- **HOW TO COMPLETE THIS TASK**
Retype the lines below exactly, but only those from the line that has "9 東京マルイ 次世代電動ガン" through the line that has "1984 Caravette 5 caravan". Omit every picture.

- **DATASET RECORDS**
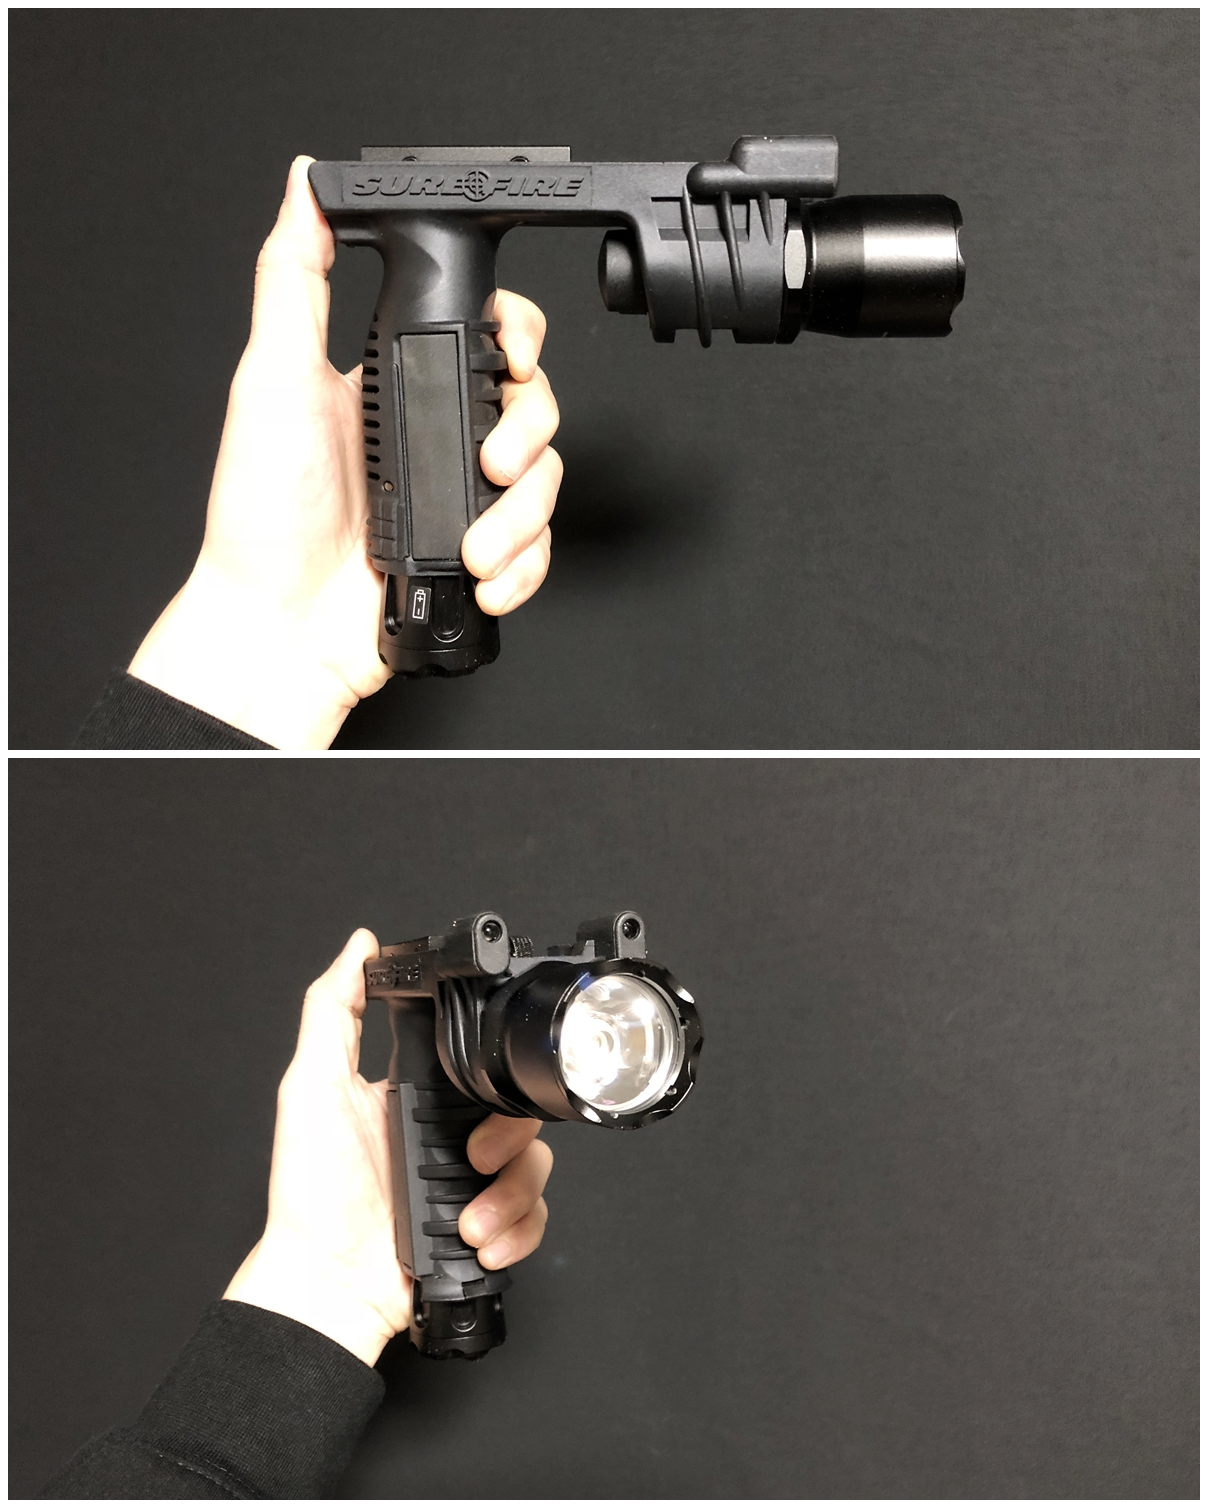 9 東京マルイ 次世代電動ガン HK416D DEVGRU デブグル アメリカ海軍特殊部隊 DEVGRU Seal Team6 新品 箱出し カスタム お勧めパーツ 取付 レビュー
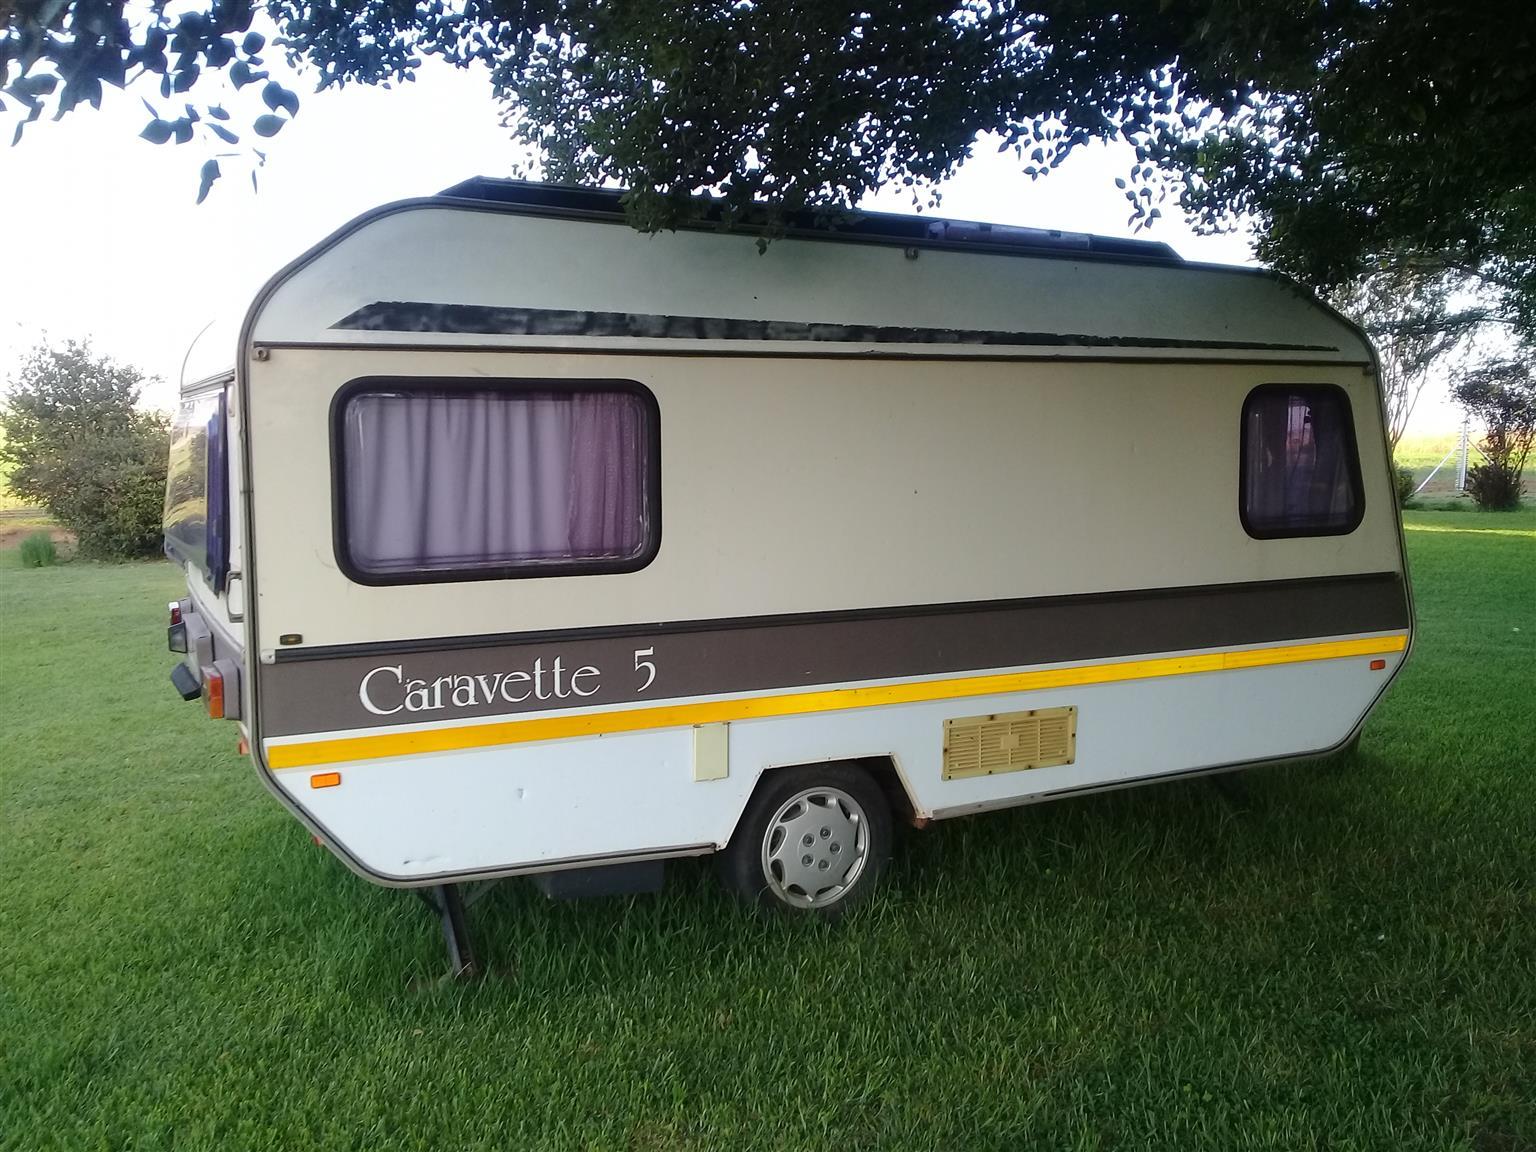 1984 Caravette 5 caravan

--

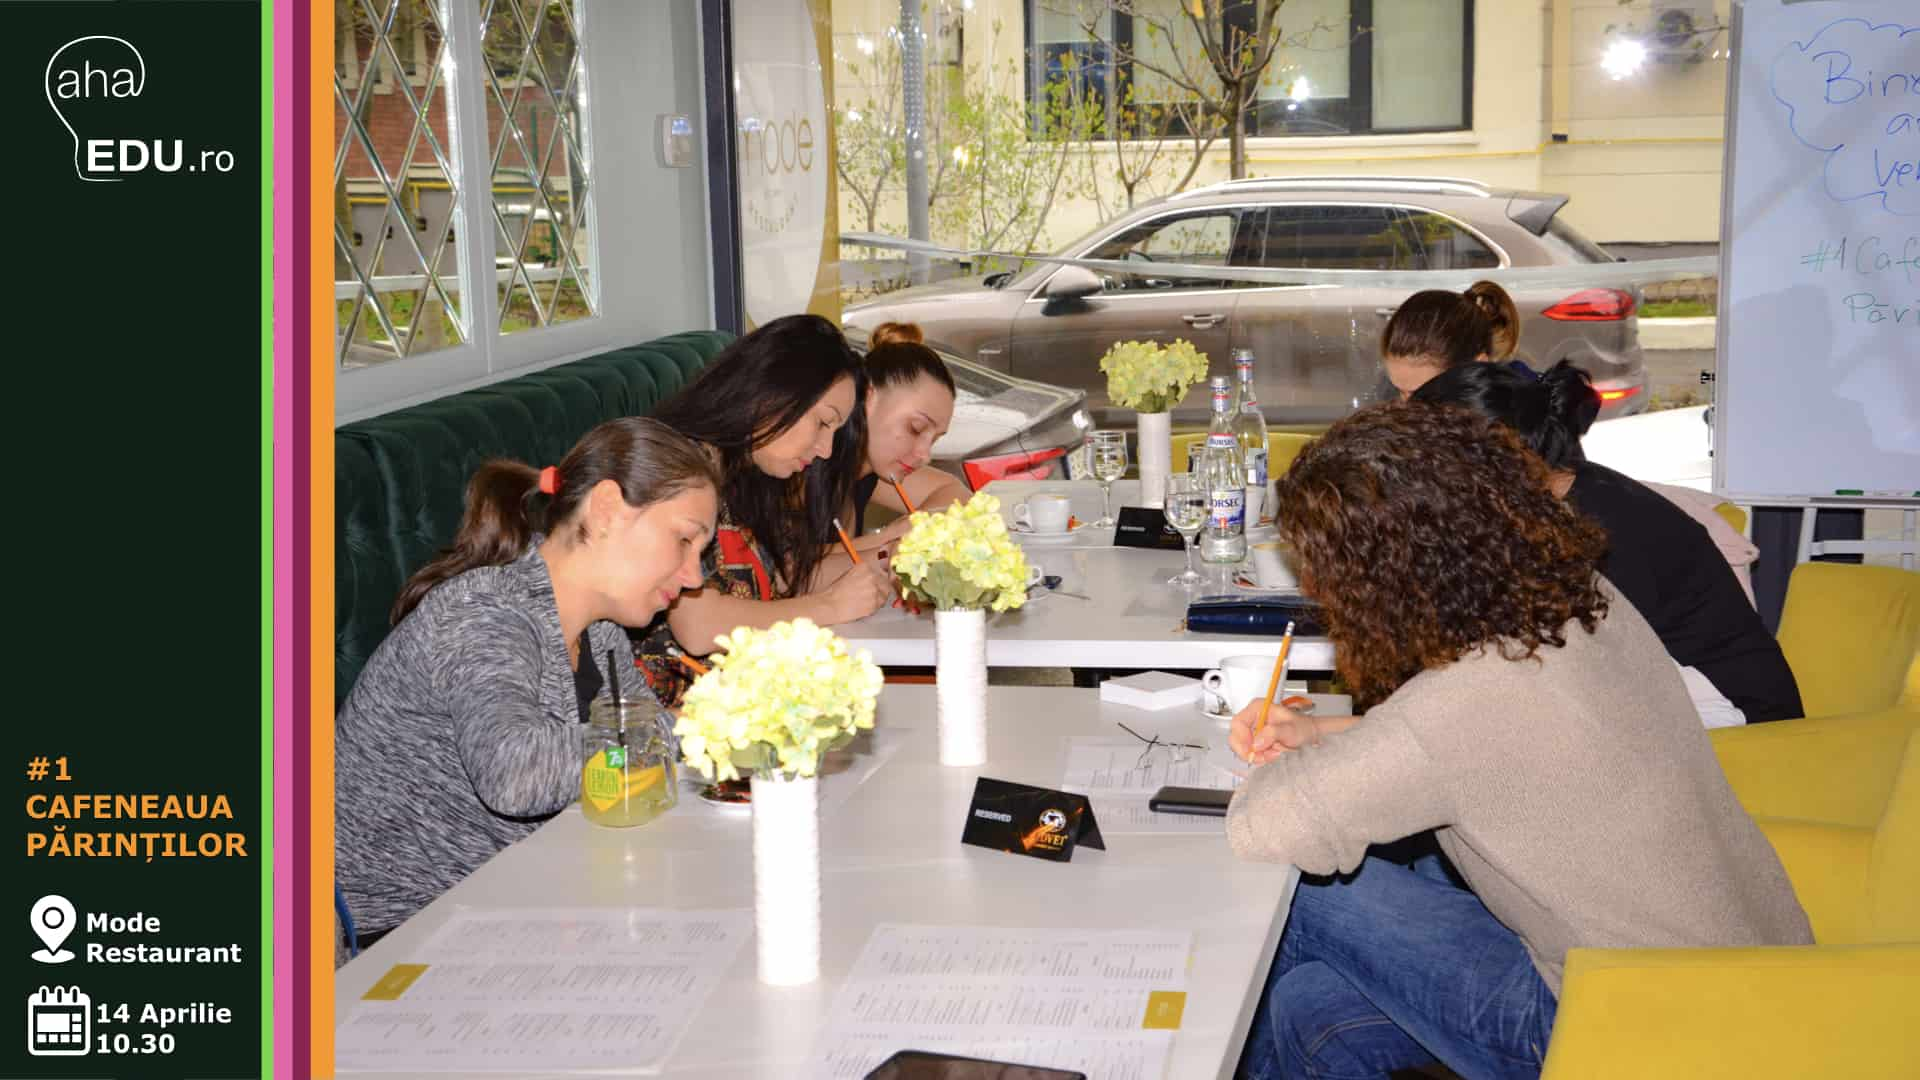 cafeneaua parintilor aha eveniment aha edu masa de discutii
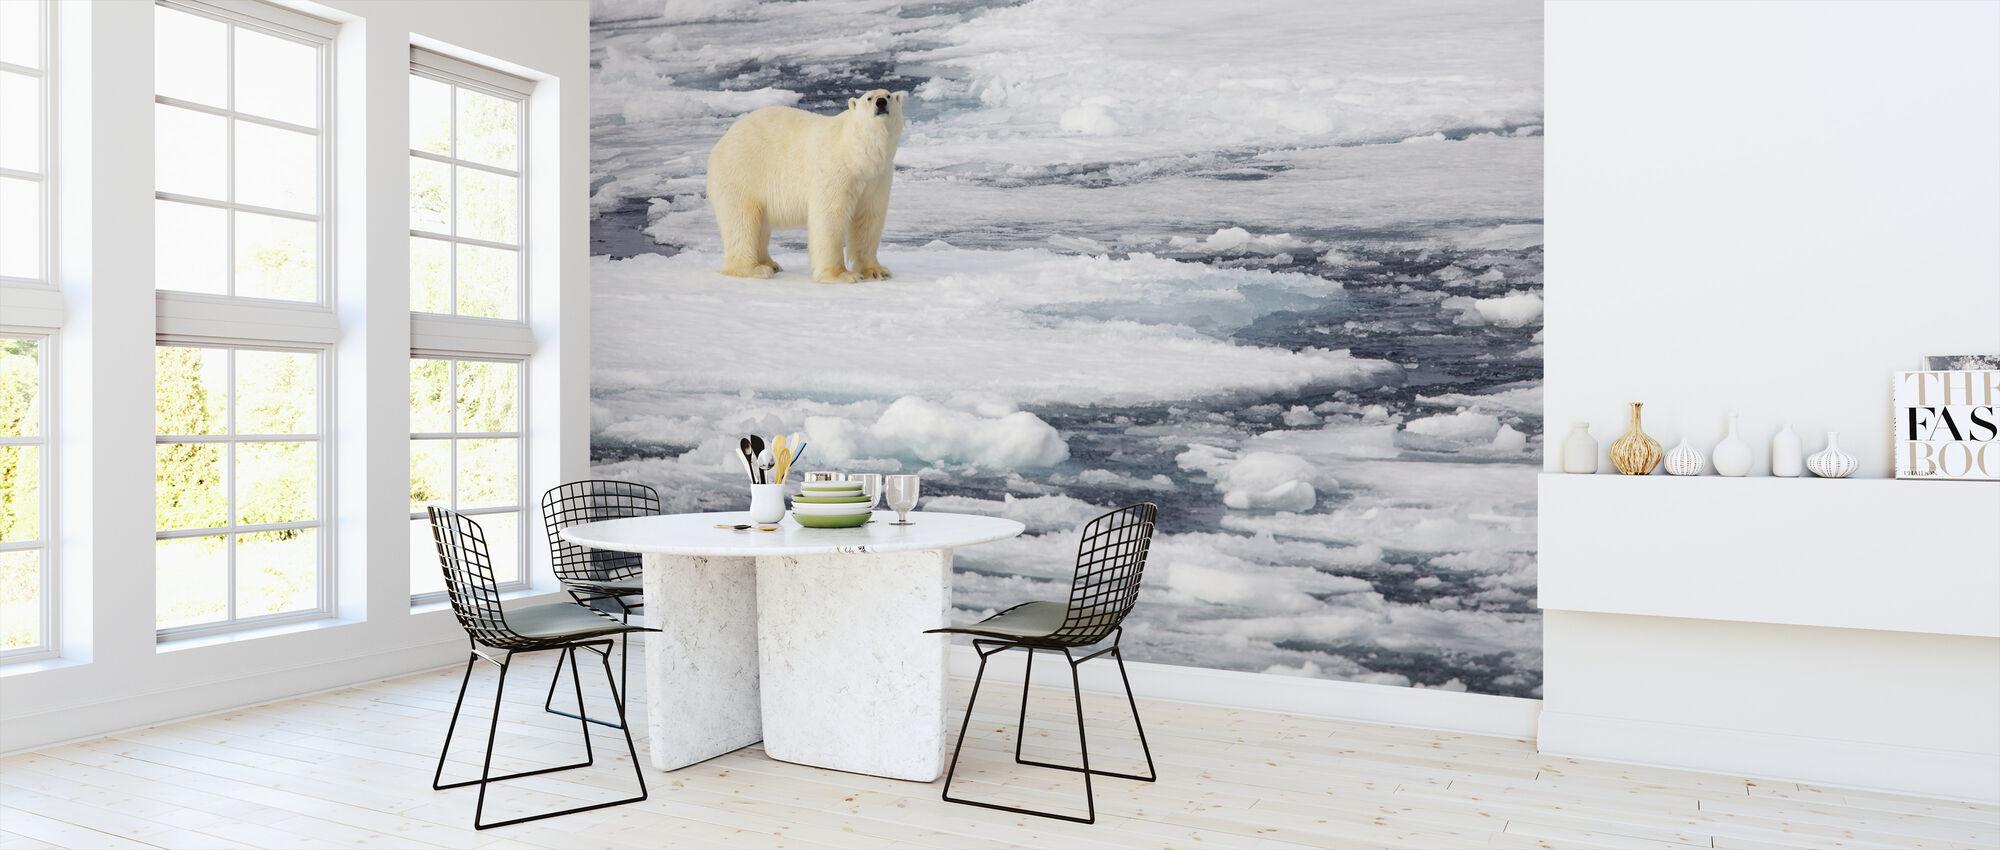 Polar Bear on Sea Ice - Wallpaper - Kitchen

- **ANSWER TO THIS EXERCISE**
 9 東京マルイ 次世代電動ガン HK416D DEVGRU デブグル アメリカ海軍特殊部隊 DEVGRU Seal Team6 新品 箱出し カスタム お勧めパーツ 取付 レビュー
 1984 Caravette 5 caravan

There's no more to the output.